The constituency boundaries may have theoretically encompassed a much larger area and population than would at first appear. After the American Revolution, it was apparently solemnly argued in Parliament that the rebels' complaint of no taxation without representation was mistaken, since "all the grants of land in America were to be held of the Manor of Greenwich in the County of Kent, and therefore the Knights of the Shire for the County of Kent represented all Americans". However, this somewhat flimsy argument - relying on an obsolete legal fiction dating back to the land ownership laws of the feudal system - seems not to have been received entirely respectfully even in the 18th century, and it is certainly not recorded that Kent's returning officer was ever bothered by American colonists demanding their right to vote.

Franchise
In medieval times, the custom in Kent, as elsewhere, was for the MPs for the county and those for its boroughs to be elected on the same day at the county court, by the suitors to the court, which meant the tiny handful of the local nobility who were tenants in chief of the Crown. Thus we find it recorded that in the second year of the reign of Henry V, "In the County Court of Kent, held at Rochester, Four Coroners and Eight others present, chose the Knights for the County, and the same person elect two Citizens for Canterbury, and two for Rochester."

From 1430, the Forty Shilling Freeholder Act extended the right to vote to every man who possessed freehold property within the county valued at £2 or more per year for the purposes of land tax; it was not necessary for the freeholder to occupy his land, nor even in later years to be resident in the county at all.

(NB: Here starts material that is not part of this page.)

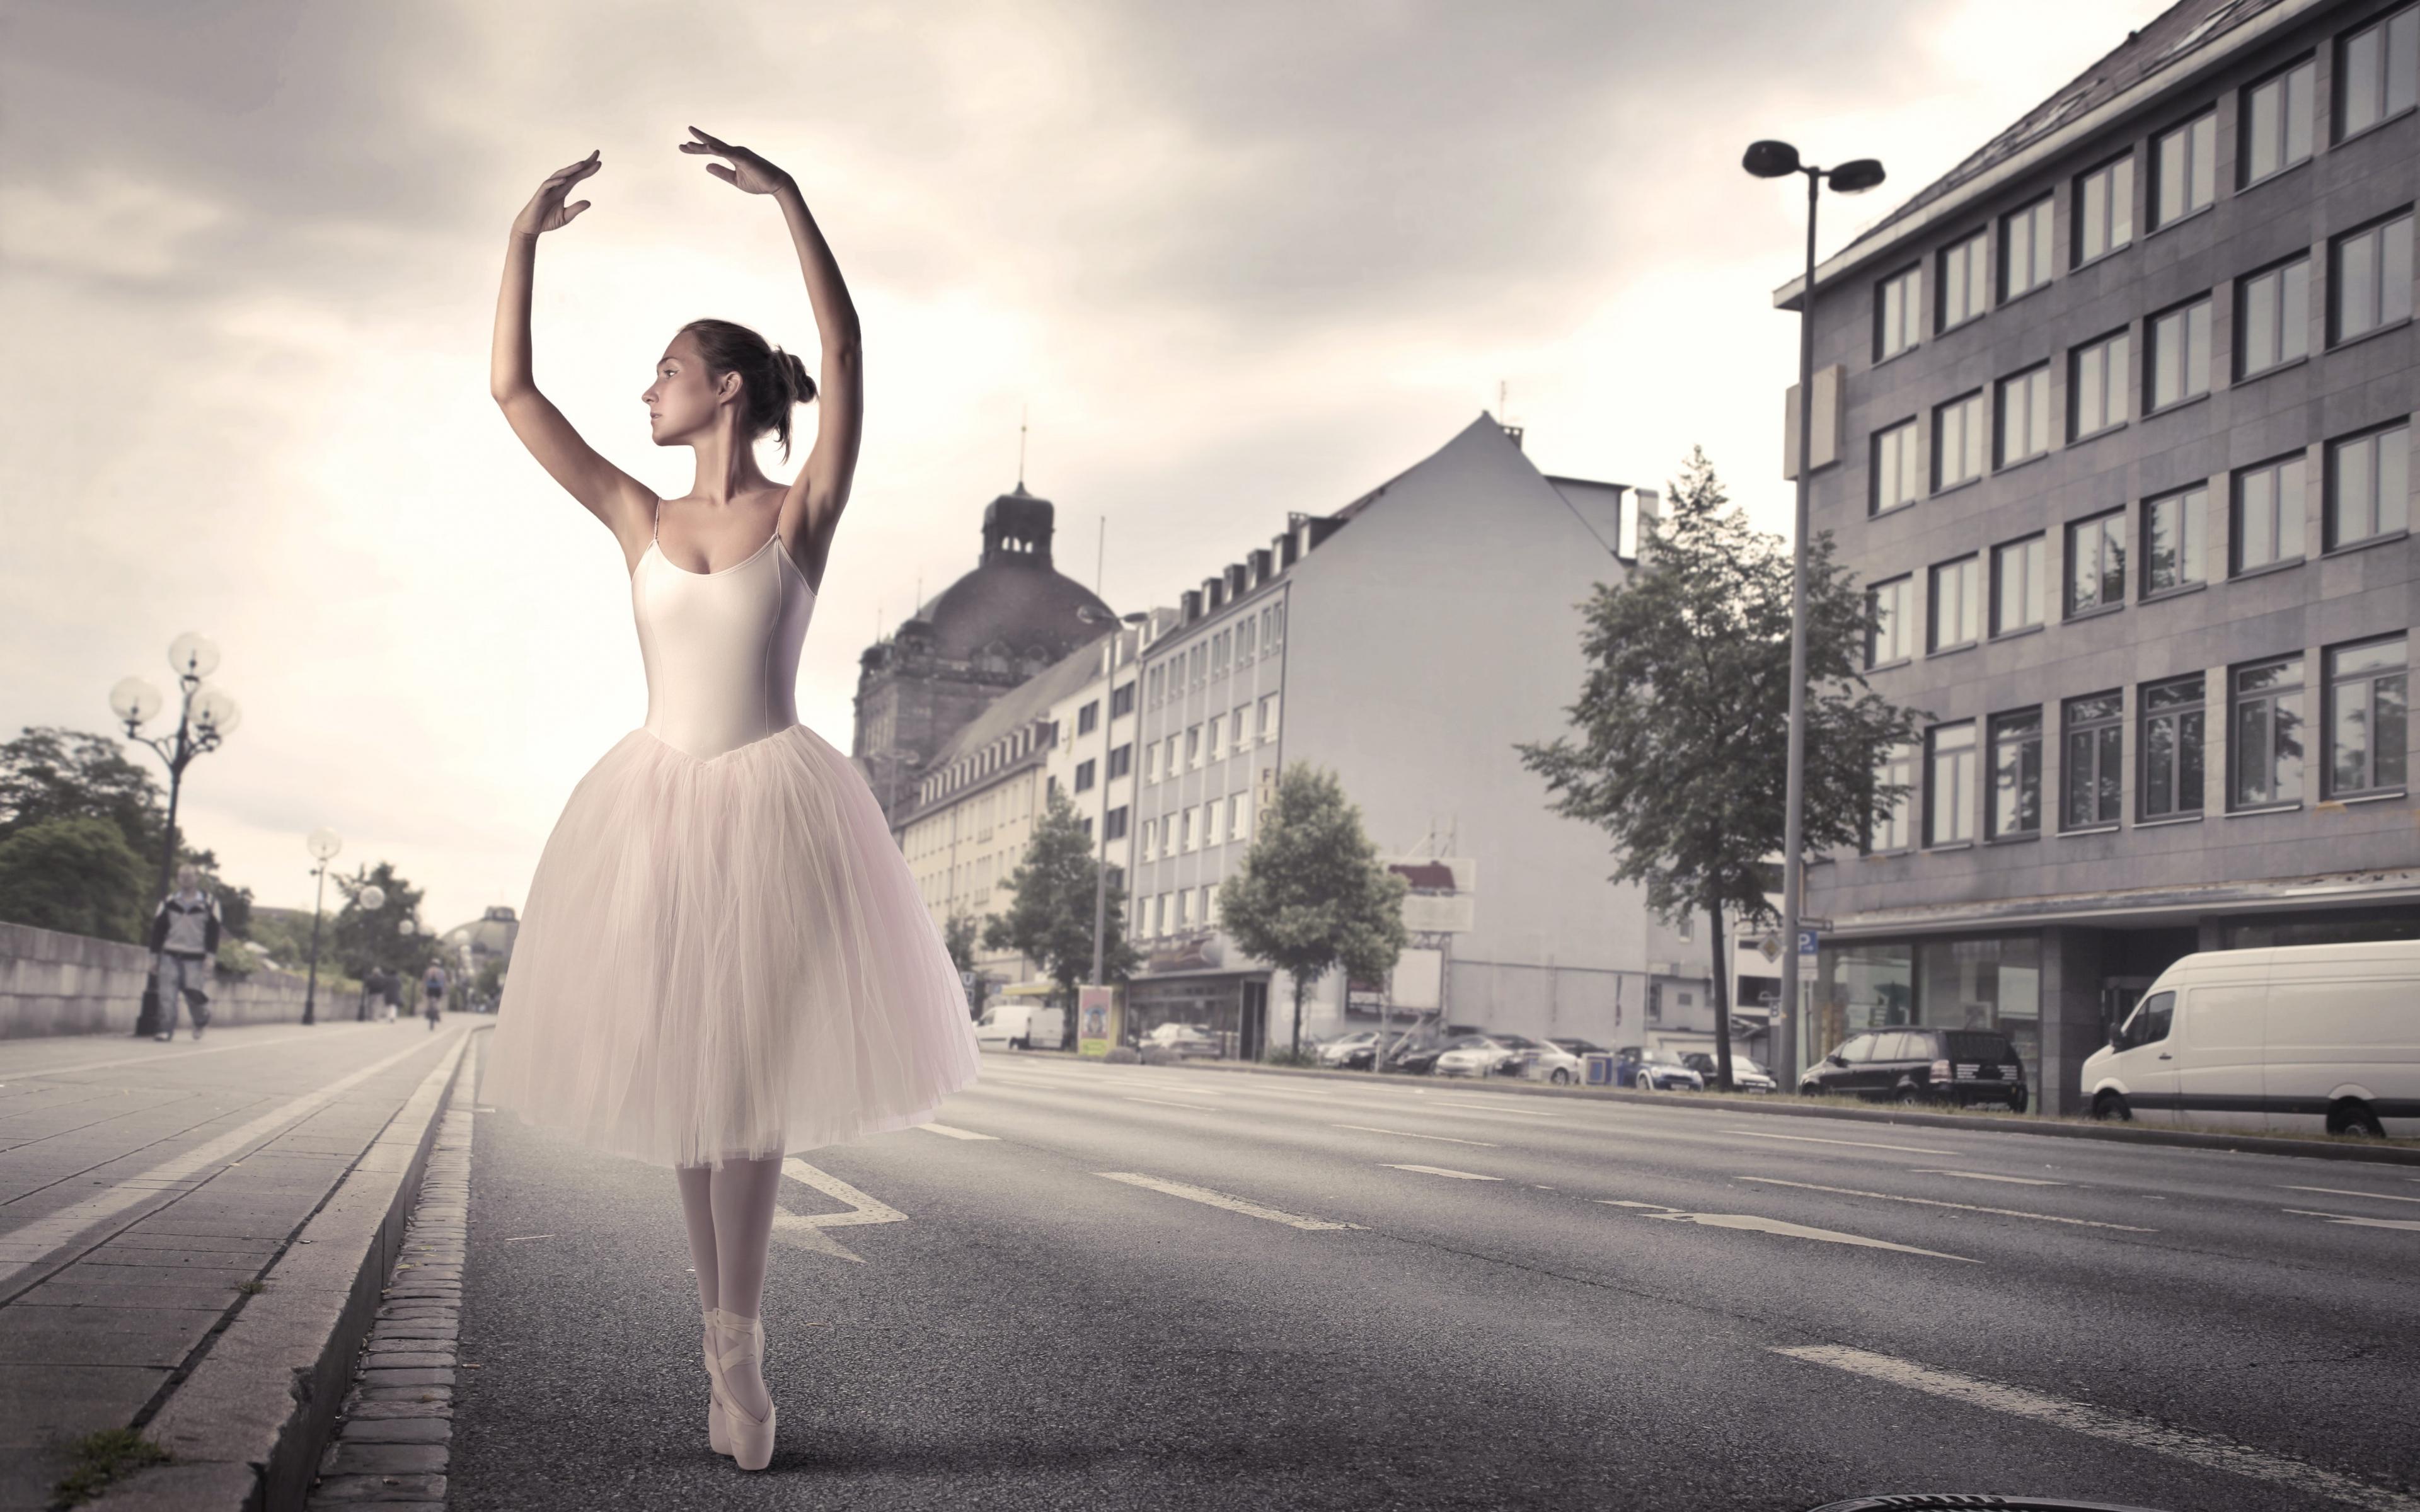 Black And White Ballet Wallpaper 1080p Festival Wallpaper 3840x2400
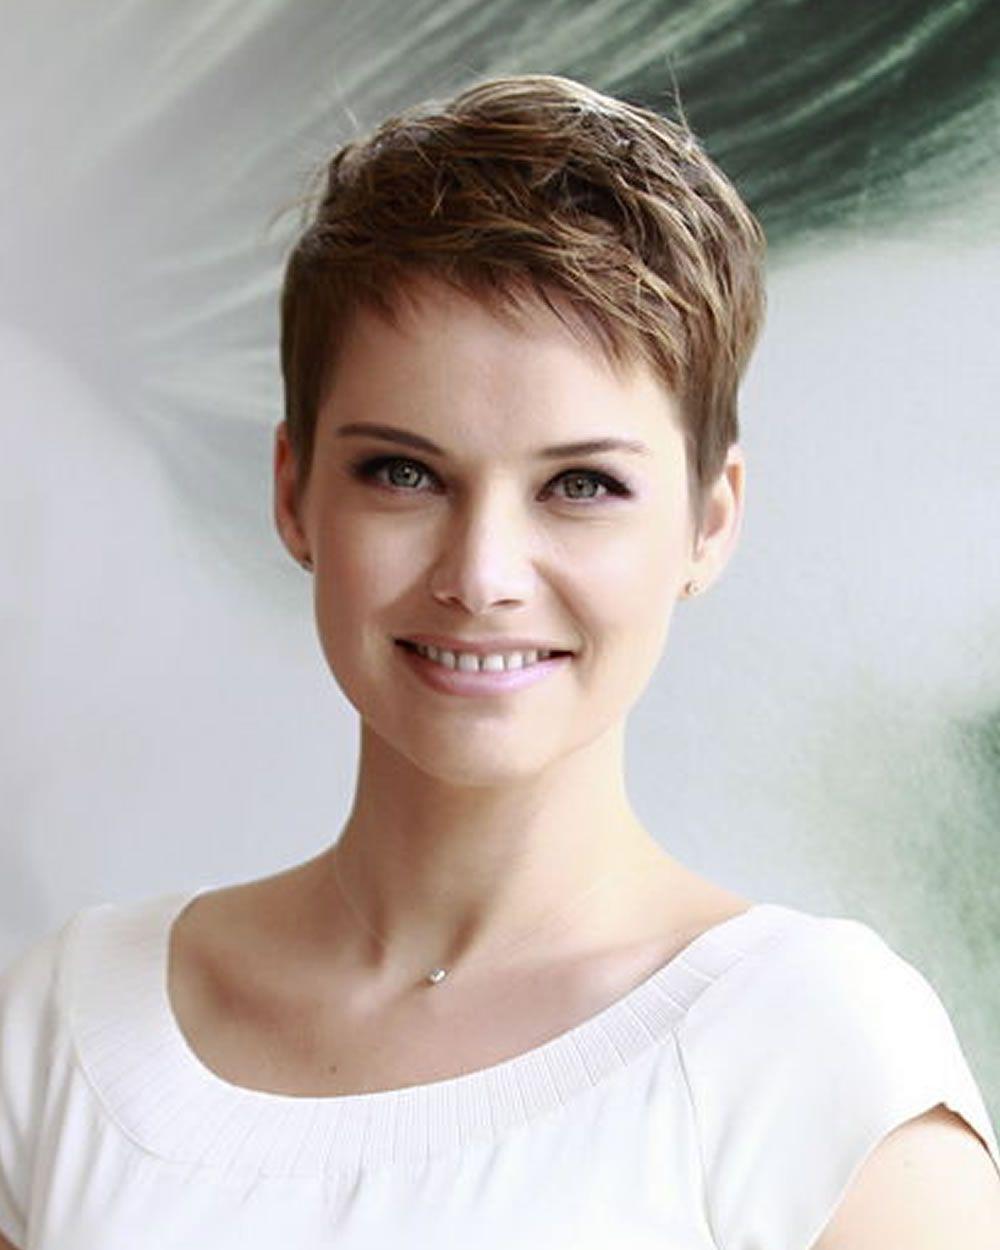 21 Trendige Kurze Haarschnitt Bilder Und Pixie Frisuren Die Sie Wirklich Lieben Frisuren Trendy Short Hair Styles Short Hair Styles Trendy Short Haircuts

Except during the period of the Commonwealth in the mid 17th century, Kent had two MPs elected by the bloc vote method, under which each voter had two votes. In the nominated Barebones Parliament, five members represented Kent. In the First and Second Parliaments of Oliver Cromwell's Protectorate, however, there was a general redistribution of seats and Kent elected 11 members, though most of the county's boroughs lost one or both of their MPs. The traditional arrangements were restored from 1659.

Political character
At the time of the Great Reform Act in 1832, Kent had a population of approximately 480,000, though only between 8,000 and 9,000 of these were qualified to vote at the start of the 19th century, and fewer than 4,000 actually voted at the last contested election, in 1818. It has been estimated that in this period around a third of Kent's voters were urban, spread among a couple of dozen medium-sized and small towns: Canterbury, Maidstone, Dover, Deal, Chatham and the growing resorts of Ramsgate and Margate were the biggest, but at the election of 1802 the pollbooks show that only Canterbury (with 384 voters) contributed more than 250 to the poll.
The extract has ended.